WORK REQUEST:
In your copy, leave out the pictures; write out all the data exactly.

DATA BELOW:

· · · · · · ·

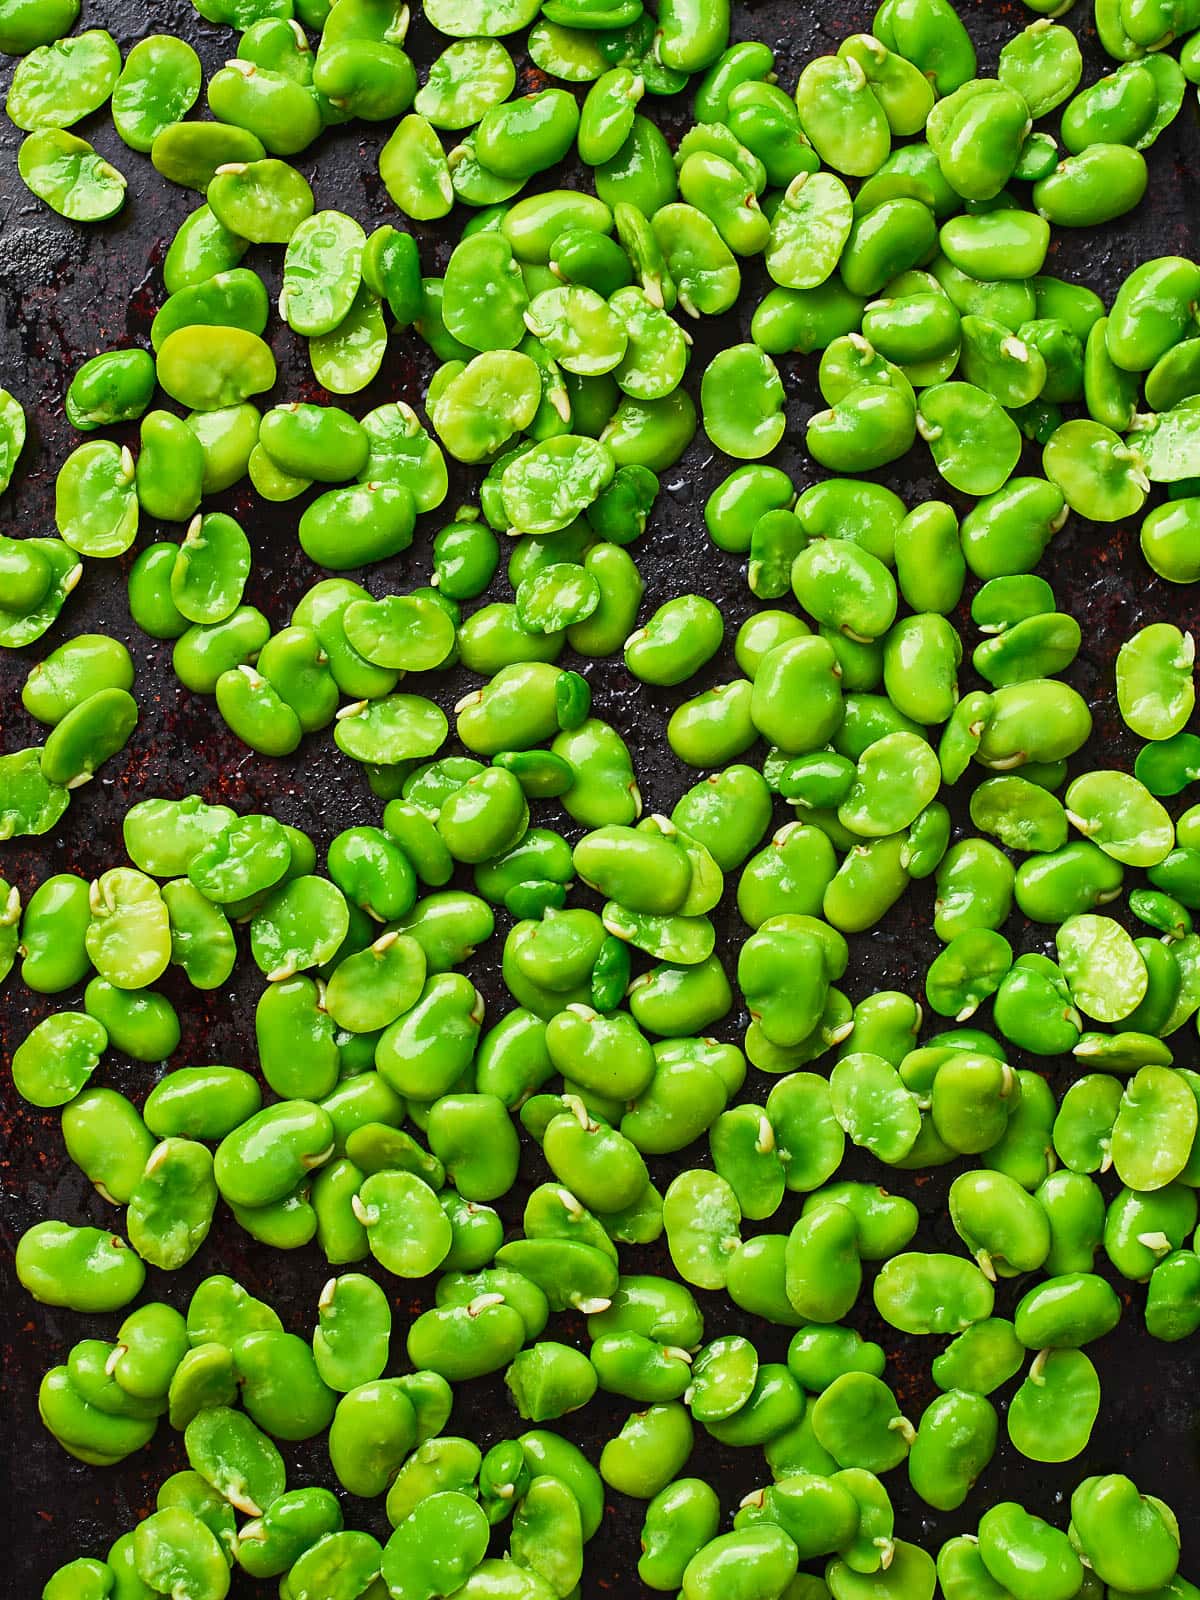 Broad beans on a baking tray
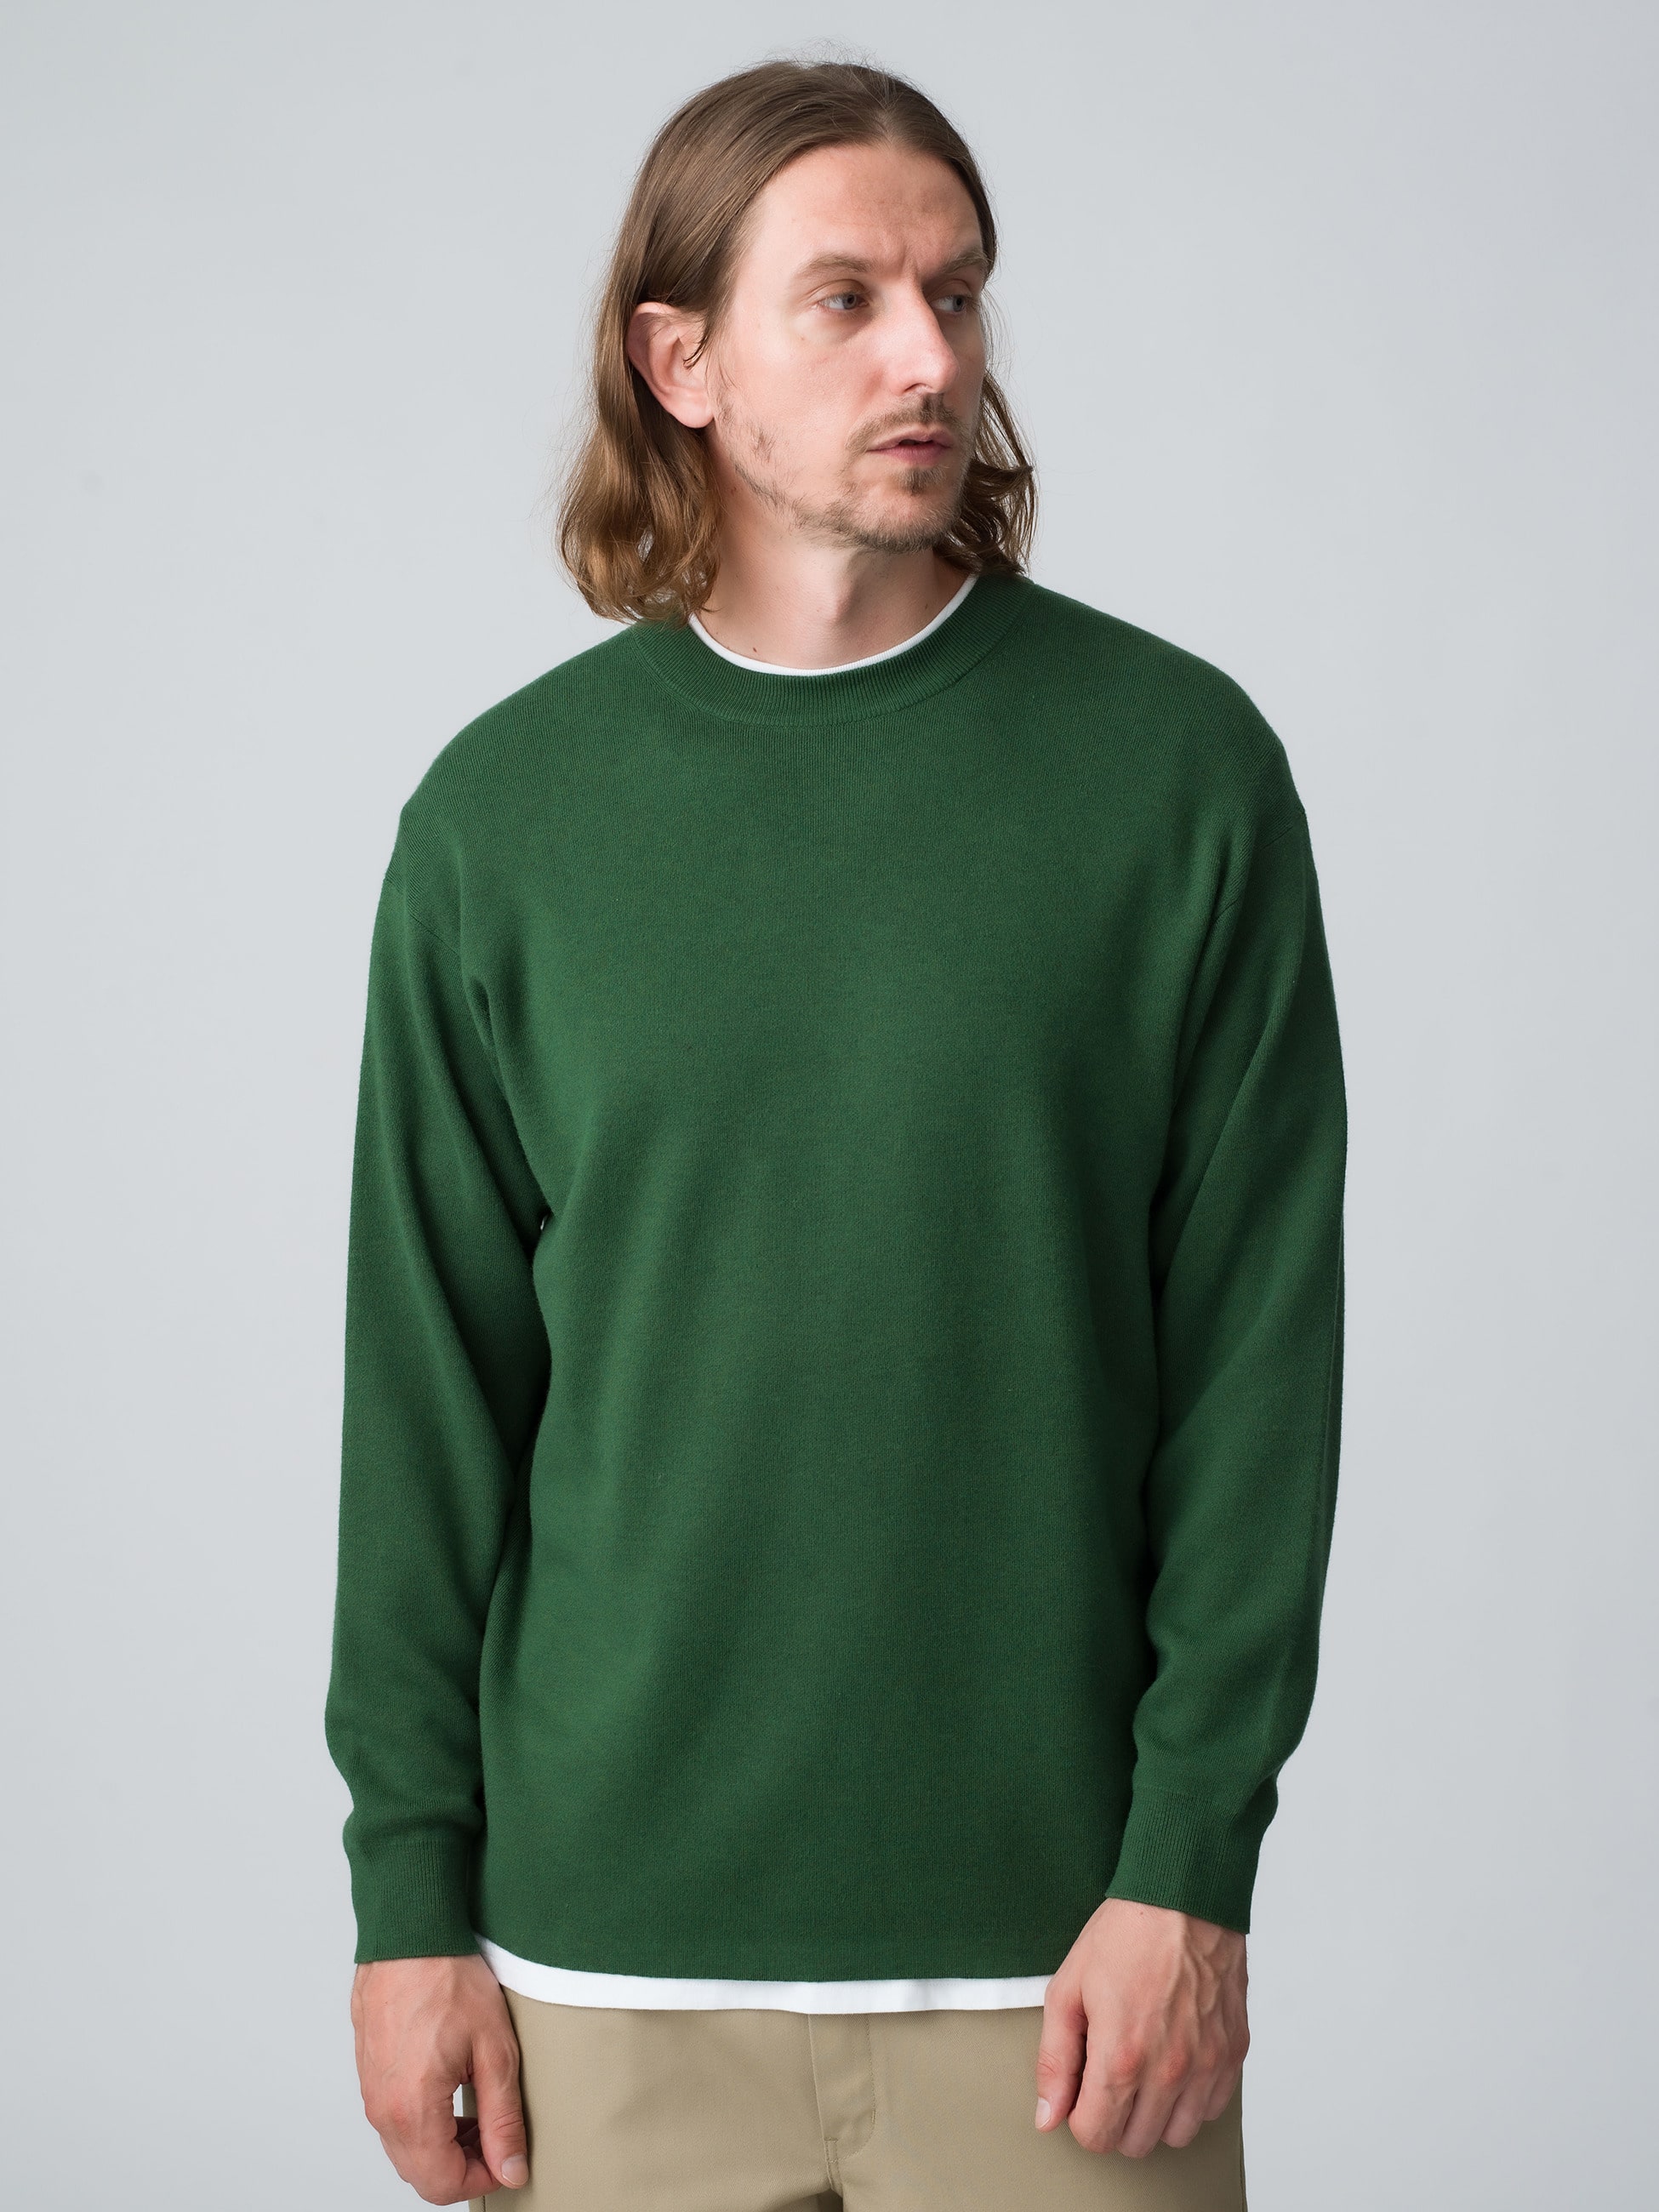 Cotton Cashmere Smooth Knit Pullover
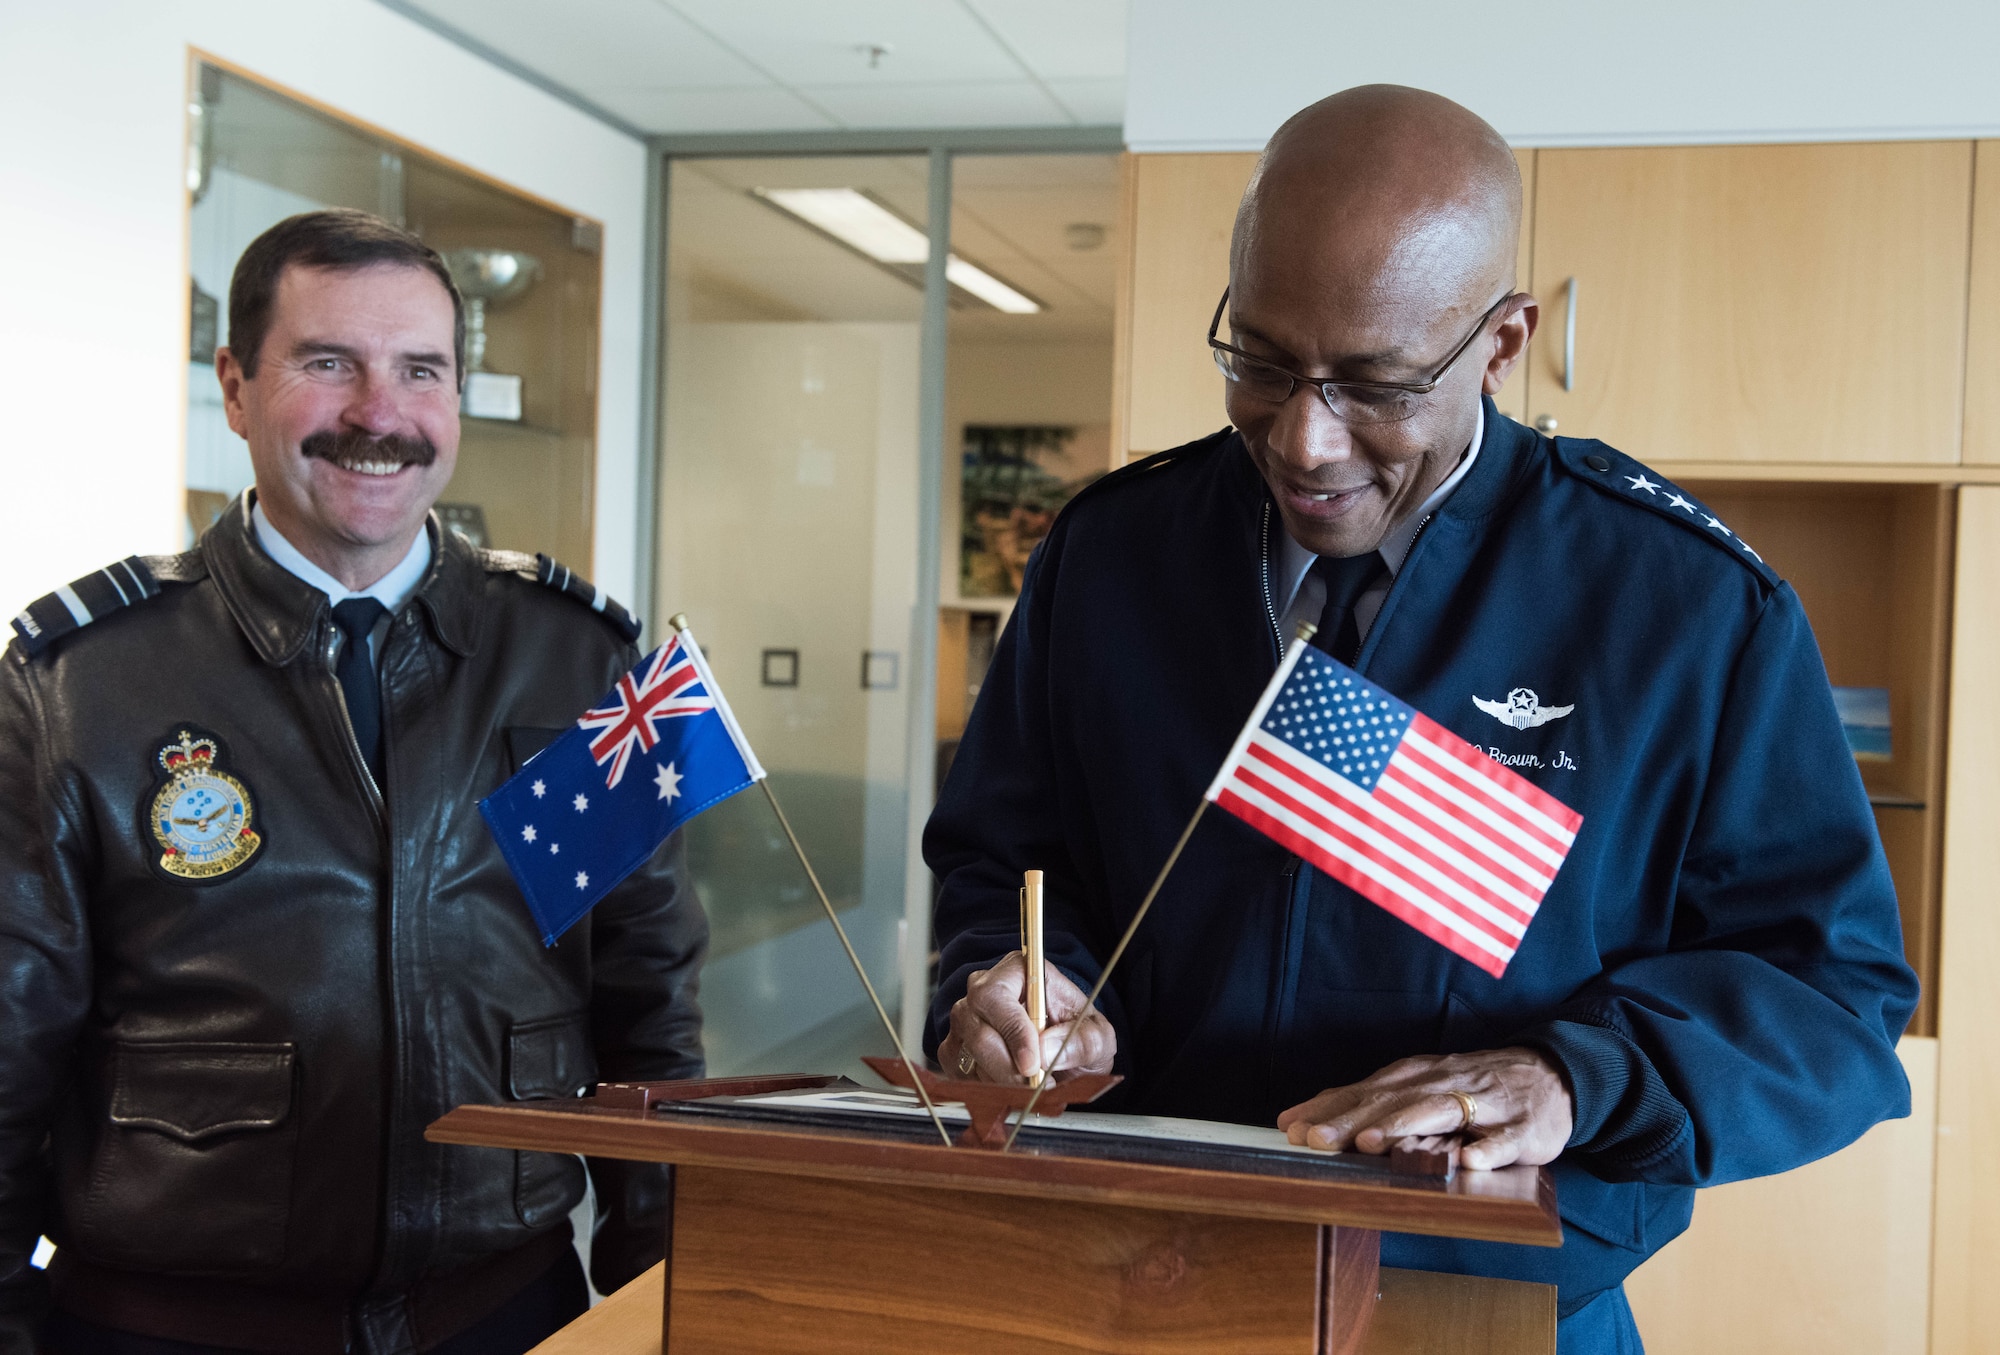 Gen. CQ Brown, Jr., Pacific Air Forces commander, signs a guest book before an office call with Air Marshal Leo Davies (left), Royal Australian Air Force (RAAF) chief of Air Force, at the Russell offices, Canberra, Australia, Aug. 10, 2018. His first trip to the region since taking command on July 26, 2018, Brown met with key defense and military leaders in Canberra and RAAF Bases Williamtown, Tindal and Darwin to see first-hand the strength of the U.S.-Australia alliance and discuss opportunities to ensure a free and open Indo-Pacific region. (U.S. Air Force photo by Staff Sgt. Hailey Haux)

· · · · · · ·

ANSWER SPACE:
 Broad beans on a baking tray
 Cotton Cashmere Smooth Knit Pullover
 Gen. CQ Brown, Jr., Pacific Air Forces commander, signs a guest book before an office call with Air Marshal Leo Davies (left), Royal Australian Air Force (RAAF) chief of Air Force, at the Russell offices, Canberra, Australia, Aug. 10, 2018. His first trip to the region since taking command on July 26, 2018, Brown met with key defense and military leaders in Canberra and RAAF Bases Williamtown, Tindal and Darwin to see first-hand the strength of the U.S.-Australia alliance and discuss opportunities to ensure a free and open Indo-Pacific region. (U.S. Air Force photo by Staff Sgt. Hailey Haux)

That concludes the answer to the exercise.